Я обернулся и увидел высокого тощего незнакомца с маленькими, темными, как чернослив, глазками.
– Привет, Петрос, – поздоровался с ним мой благодетель
поливальщик, – опять гуляешь?
Петрос только засмеялся и, подхватив меня под руку, широко зашагал по улице. Казалось, что все его здесь знали и были рады встрече с таким веселым парнем, а он останавливался, с каждым здоровался за руку и говорил несколько слов. У первого же бара он пригласил меня зайти:
– Ну, что, земляк, тебе обязательно надо согреться после холодного душа, – весело сказал Петрос. – Я познакомлю тебя с хозяином этого заведения. Нас встретили у порога полный, приветливый грек и его симпатичная веселая жена, и через минуту мы уже сидели за круглым столиком, попивали кофе с лучшим греческим коньяком «Метаксой», и Петрос без остановки рассказывал о себе.
– Ты удивился, откуда я так хорошо знаю русский? Еще бы мне его не знать, когда Ташкент, в котором прожил чуть не сорок лет, считаю своим родным городом. Там у меня четырехкомнатная квартира, жена, дети и друзей не меньше, чем здесь. Ты спрашиваешь, почему я не с ними? Лучше, когда вернешься домой, узнай, когда моя семья приедет ко мне. Ладно, старшая дочь замужем, а моя жена не может жить без внуков. Но младшей-то я подобрал здесь жениха, послал вызов. Ну, что она там думает? Съезди к ней, она музыке детей учит в Загорске, и все ей объясни.
Петрос на минуту замолчал, вытер лоб платком, налил из бутылки коньяк в маленькие рюмочки и выпил свою одним махом, как у нас принято на родине.
Да, трудно ему тут без родных и друзей.
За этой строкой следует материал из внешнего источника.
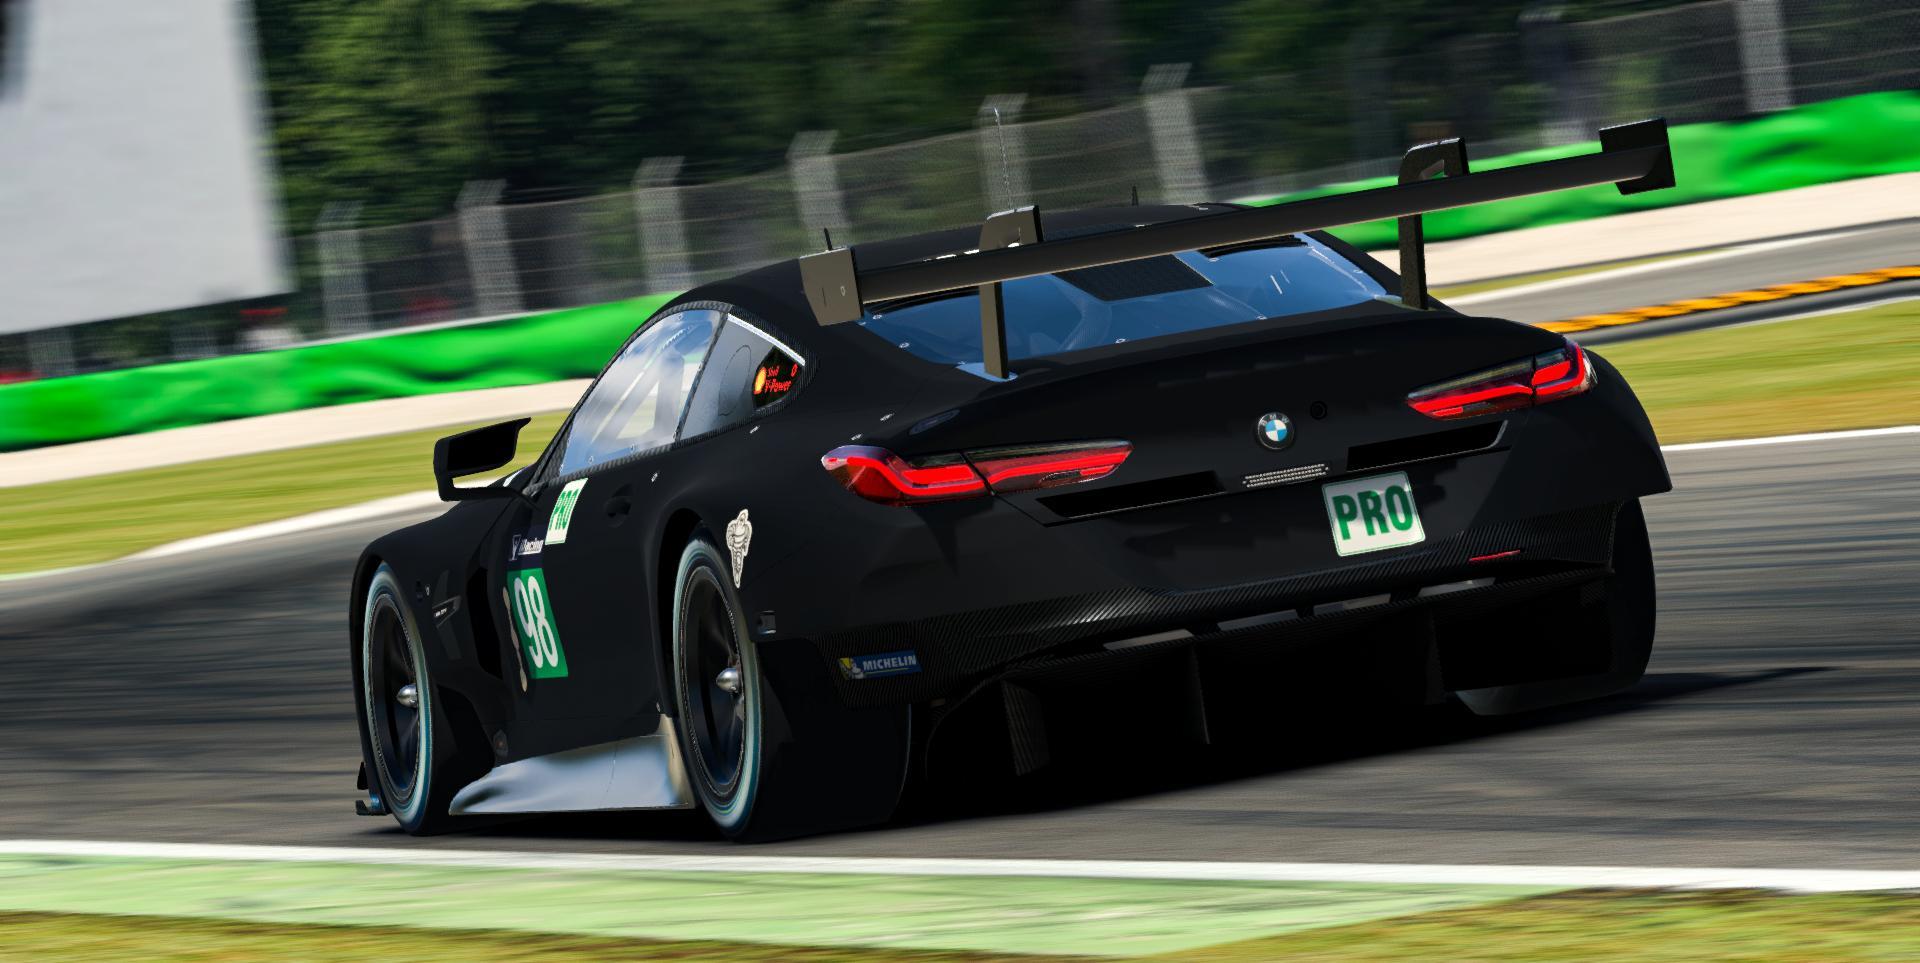 Preview of BMW M8 GTE - Stealth Black Matte by Dani Elgarbay

Попав совсем зеленым пареньком в Союз – он был в партизанах, а потом ушел через горы в Албанию, оттуда к нам, он исколесил всю Среднюю Азию, был шофером, газовщиком, строителем.
– Я нигде не пропаду: в Превезе с утра вкалываю на стройке, потом подрабатываю ремонтом машин. Ты скажи, что видел: какой приятный город, как меня все уважают. Жаль, что завтра уплываешь, а то махнули бы в деревеньку к моей матери (отец-то погиб в горах, был пулеметчиком), гам у меня земля и сто оливковых деревьев. Скажи моим-то, какой я стал богатый.
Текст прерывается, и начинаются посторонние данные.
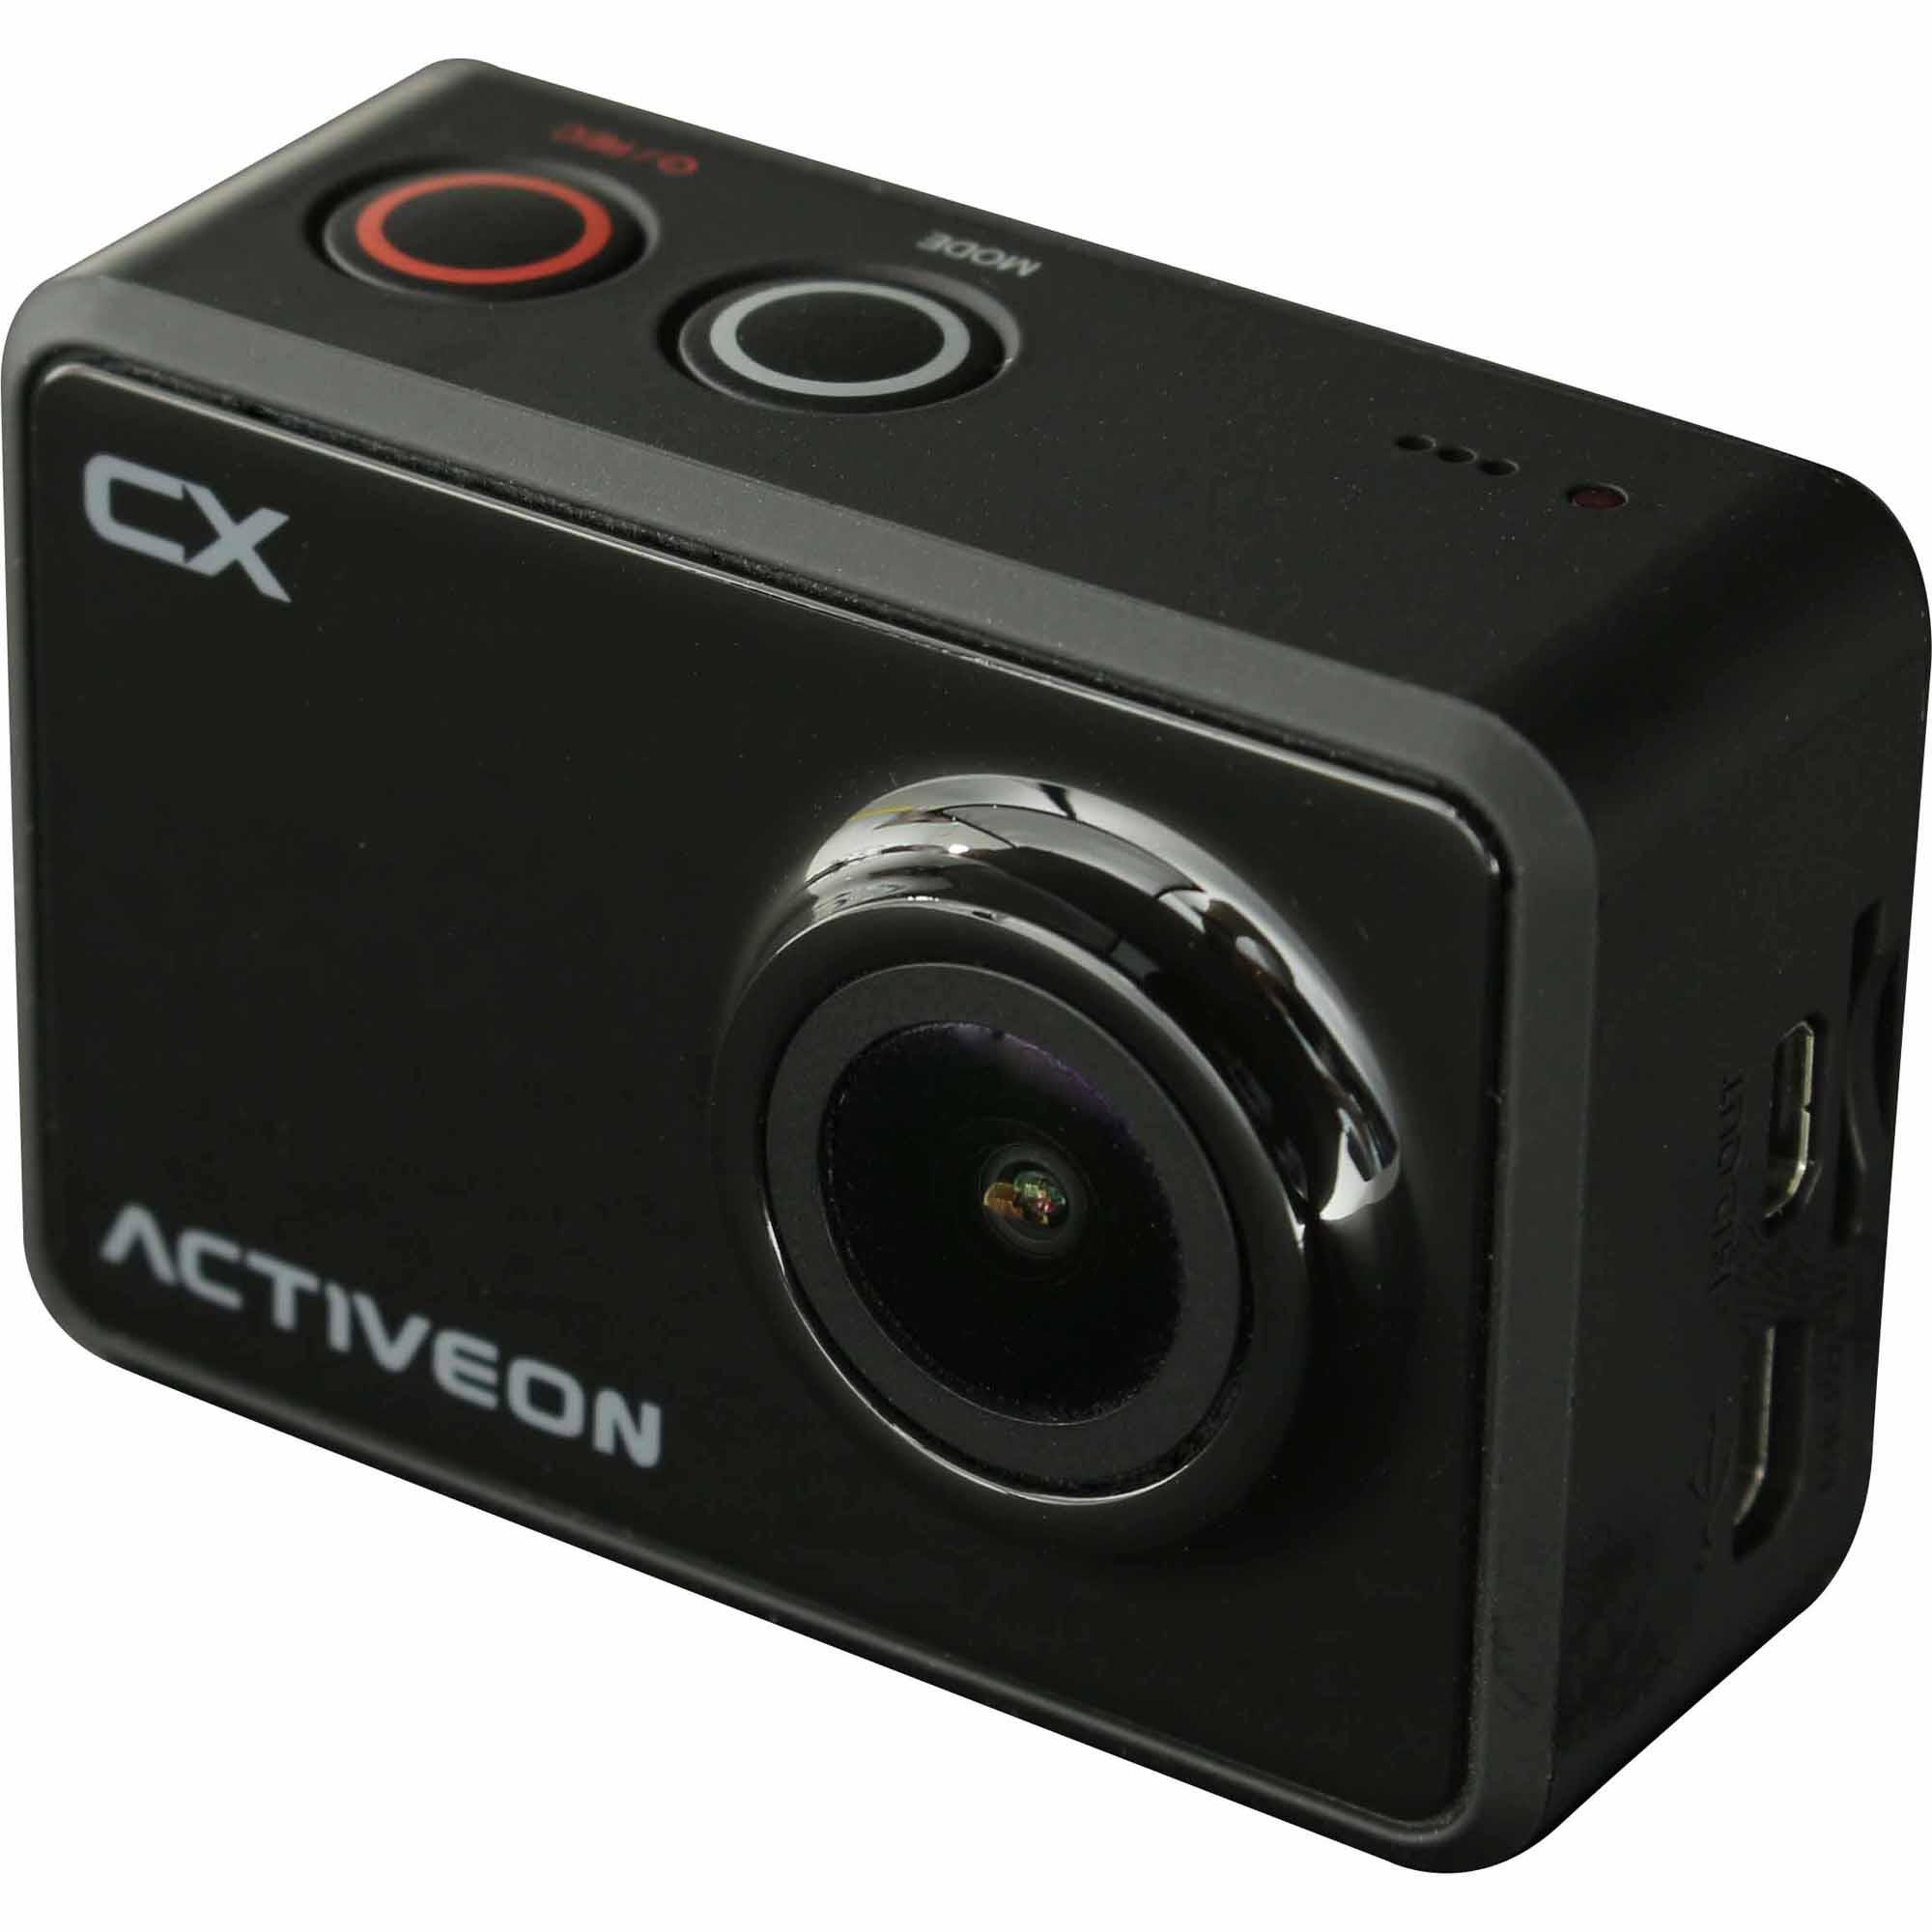 Activeon 5-Megapixel Action Cam CX w/ Built-In WiFi - Black

Петрос смахнул платком слезинку и стукнул жилистым кулаком по столику:
– Передай мое последнее слово: не приедут – женюсь. Я еще не старый…
Обняв меня за плечи, словно родного, он дошел вместе со мной до набережной, а потом, круто развернувшись, зашагал к себе в комнатку с одной кроватью.
– Чего мне заводить хозяйство? Если б приехали мои – купил бы мебель…
Петрос Куцукис, хотя и считает себя удачливым, ждет свою семью, тоскует без жены и дочерей, поэтому и шляется по барам до поздней ночи, а потом нехотя тащится в свою конуру.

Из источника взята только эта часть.